Incidentally, There's something disturbing about how 1Password syncs. Watching the behavior it's almost as though it replays every transaction that's every occurred on 1Password desktop; implying it still keeps fully deleted credentials. When I updated the cache 10,000 records were processed for 1,500 credentials. Looking at my backup history the agilebits keychain file is growing at a rate consistent with retention of deleted credentials. I think the only way really clean it out is to delete the keychain and start anew.

--

[1] FileMaker is a survivor from the pre-net era of software, when geeks used personal databases for address books, recipes, PDF based document management, record and CD collections,  archives of thousands of stapled paper medical journal article archive indexing with pre-web "Grateful Med" MEDLINE metadata (Grateful Med), club memberships, and much more. With a relatively large user base FileMaker was then quite affordable.

I will now interrupt this post to admit that review of those web 1.0 pages, and particularly the data store transformations of the past 8 years, has given me a dose of old-guy future shock. When I started researching this topic I didn't realize I was also writing an obituary for the personal database!

It has been one hell of a ride from my 1990s FileMaker article file to Google and the Strata conference I'll be attending in Santa Clara this month.

[2] I tried reenabling Apache on ML using a freeware pref pane. Apache ran, but FM web sharing still didn't work. Looking at the FM 12 writeup I think it barely works even there.

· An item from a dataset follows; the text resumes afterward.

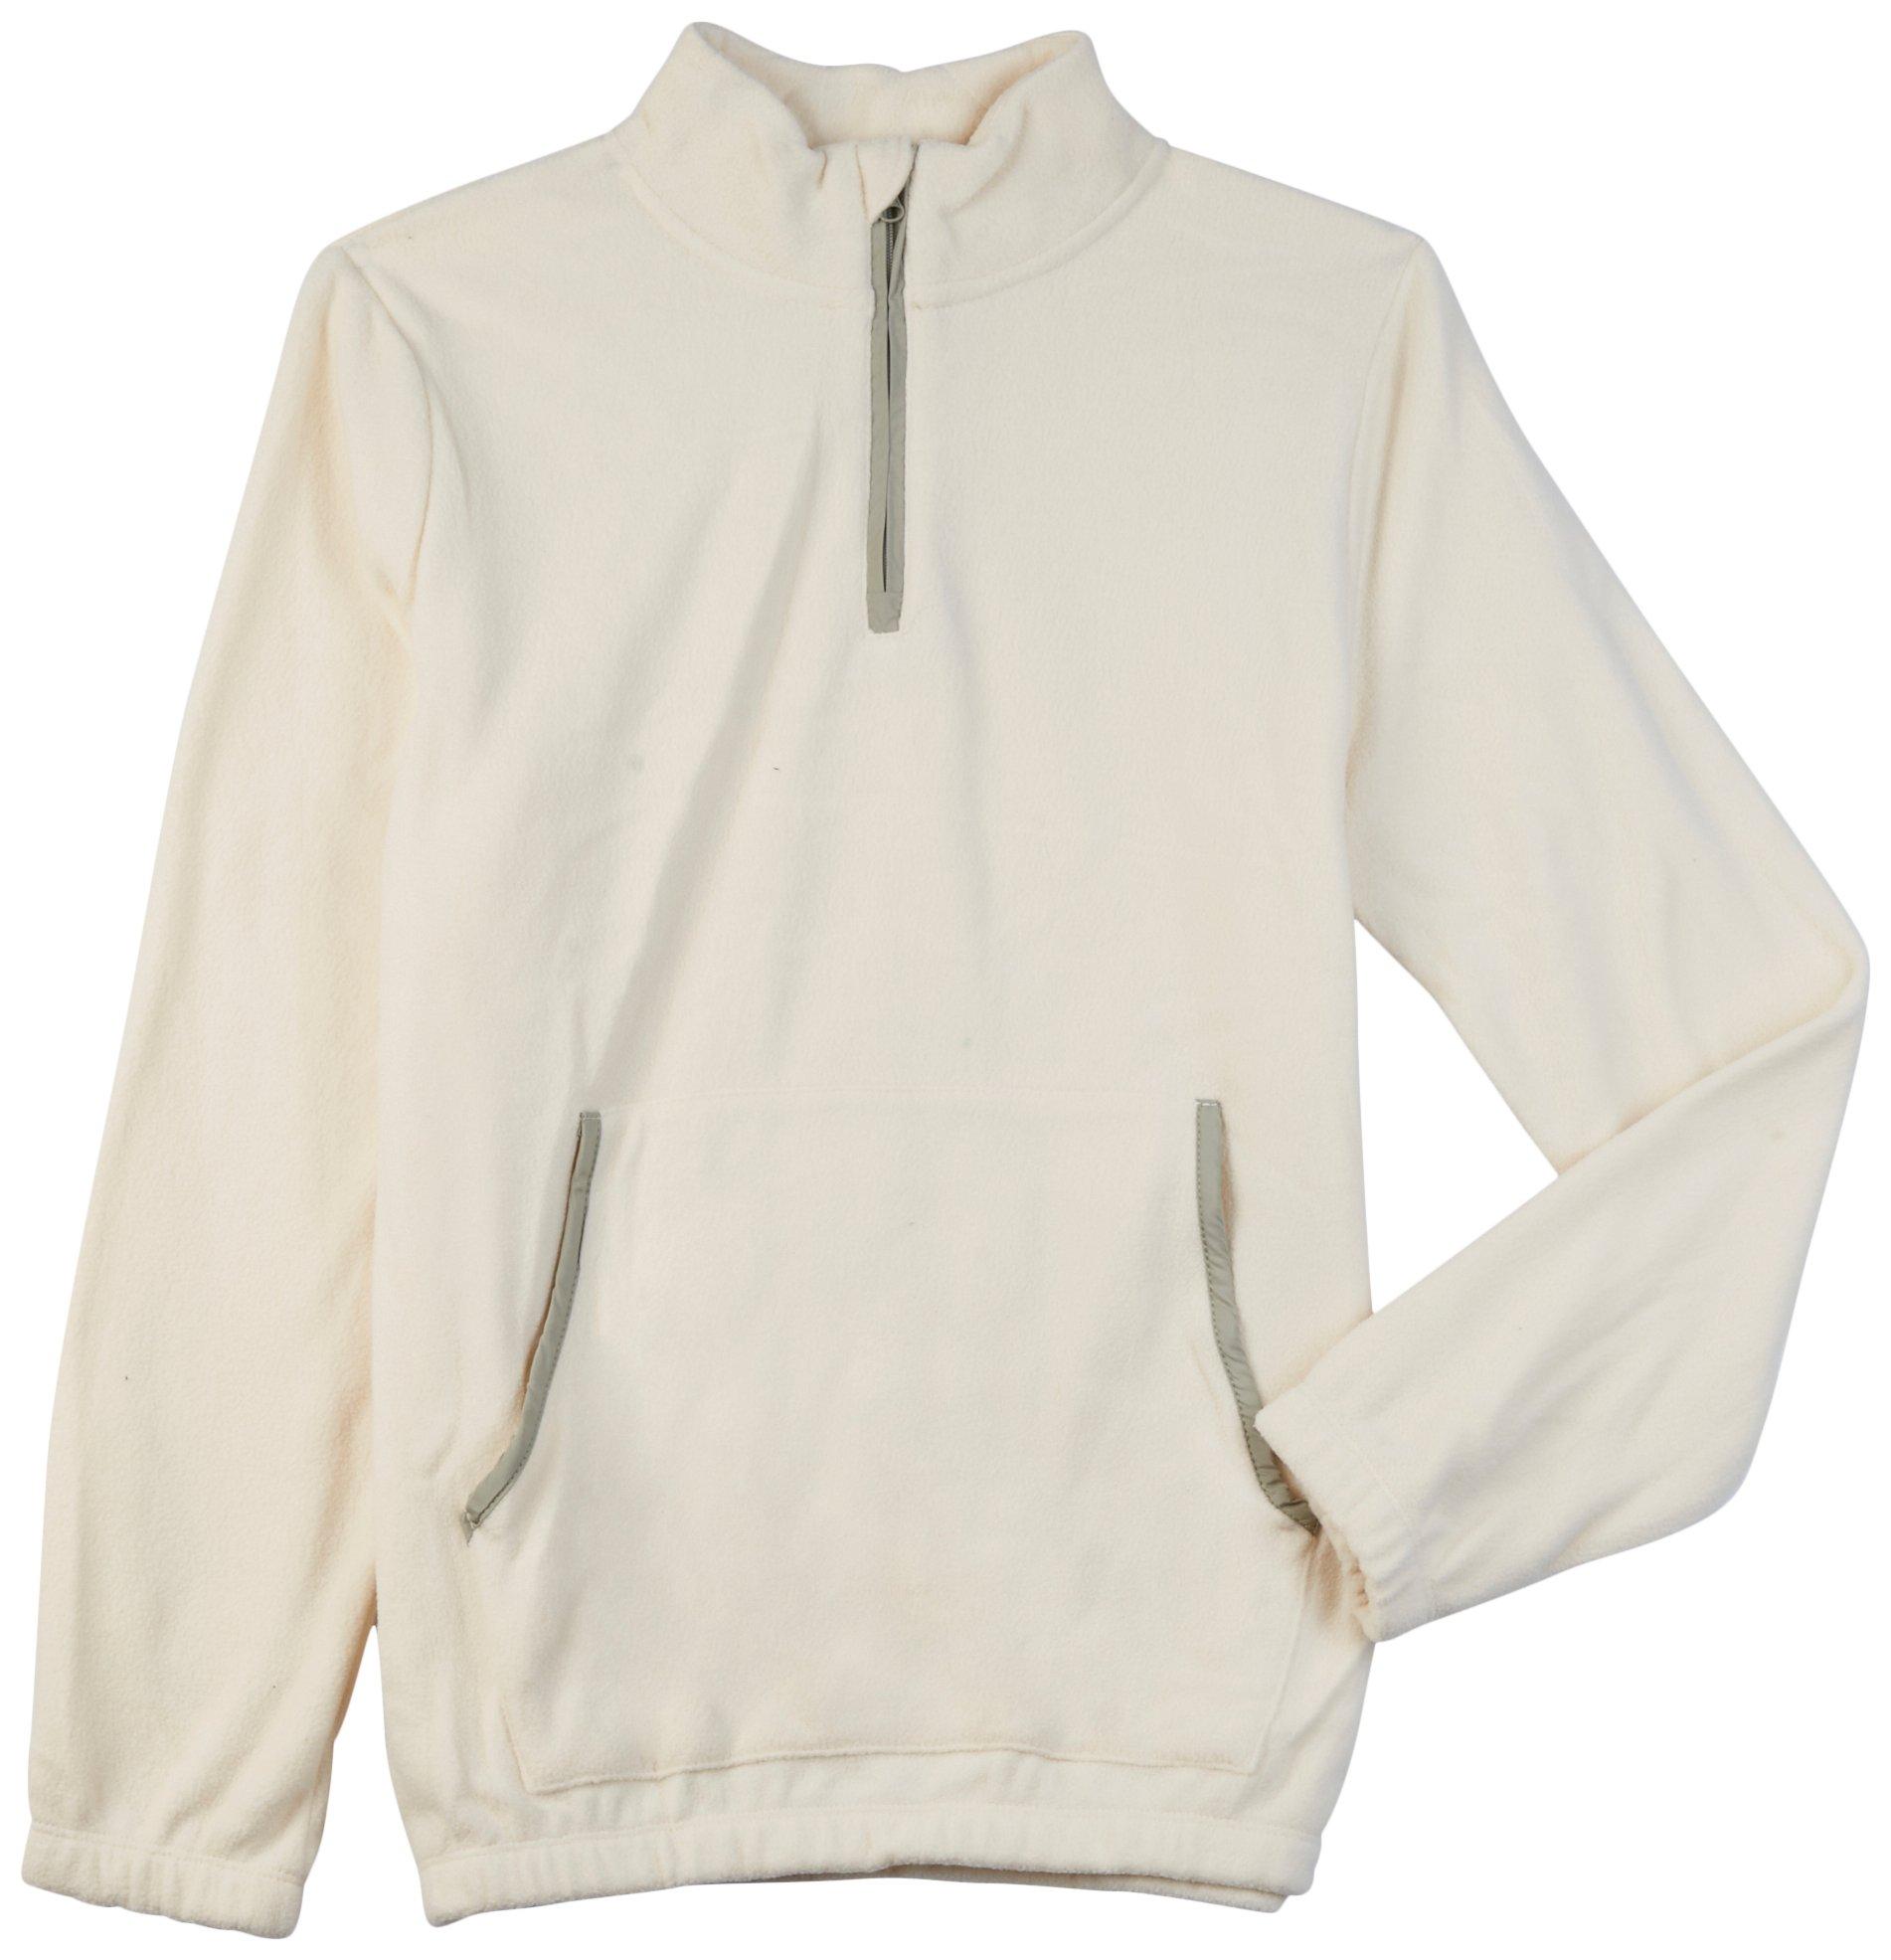 https://images.beallsflorida.com/i/beallsflorida/565-1831-6240-10-yyy/*Big-Boys-1/4-Zip-Fleece-Sweater*?$product$&fmt=auto&qlt=default

[3] Example: An encrypted database store is forgotten in the cloud. Six years from now, when Dropbox's assets have been acquired by the Russian mafia, 2012 encryption is trivially broken. I don't want this store public even in 2019. Not to mention the LastPass breach.

[4] So why do I allow that form of Cloud use? Good question.

3 comments:

Martin said...

Read-only 1Password access works in every modern browser too. You could host your 1Password keychain on your own server (maybe a local server at home) and grant access to your wife.

I have mostly given up on cloud worries as long as my data is somehow encrypted. There is simply no other easy way to sync data between various machines for offline access. It is annoying enough that iOS apps like 1Password cannot sync automatically in the background, i.e., it is still up to the user to maintain a +/- up-to-date sync state on all devices.

John Gordon said...
This comment has been removed by the author.
John Gordon said...

'd forgotten about the web access model, though practically speaking I'll have to go Cloud to use it.

Via ADN I learned that Dropbox supports Google Auth. That makes me trust Dropbox option more than iCloud.

Still left with the fear that abandoned data gets hacked once 2013 encryption is obsolete (2018?) -- or that 1Password encryption is not perfectly done (terribly hard to do it seems).

Agree that all other sync options seem to have been abandoned. (OmniGroup carries on though!)

Good point about the iOS background sync limitation. Apple is not helping us (as usual).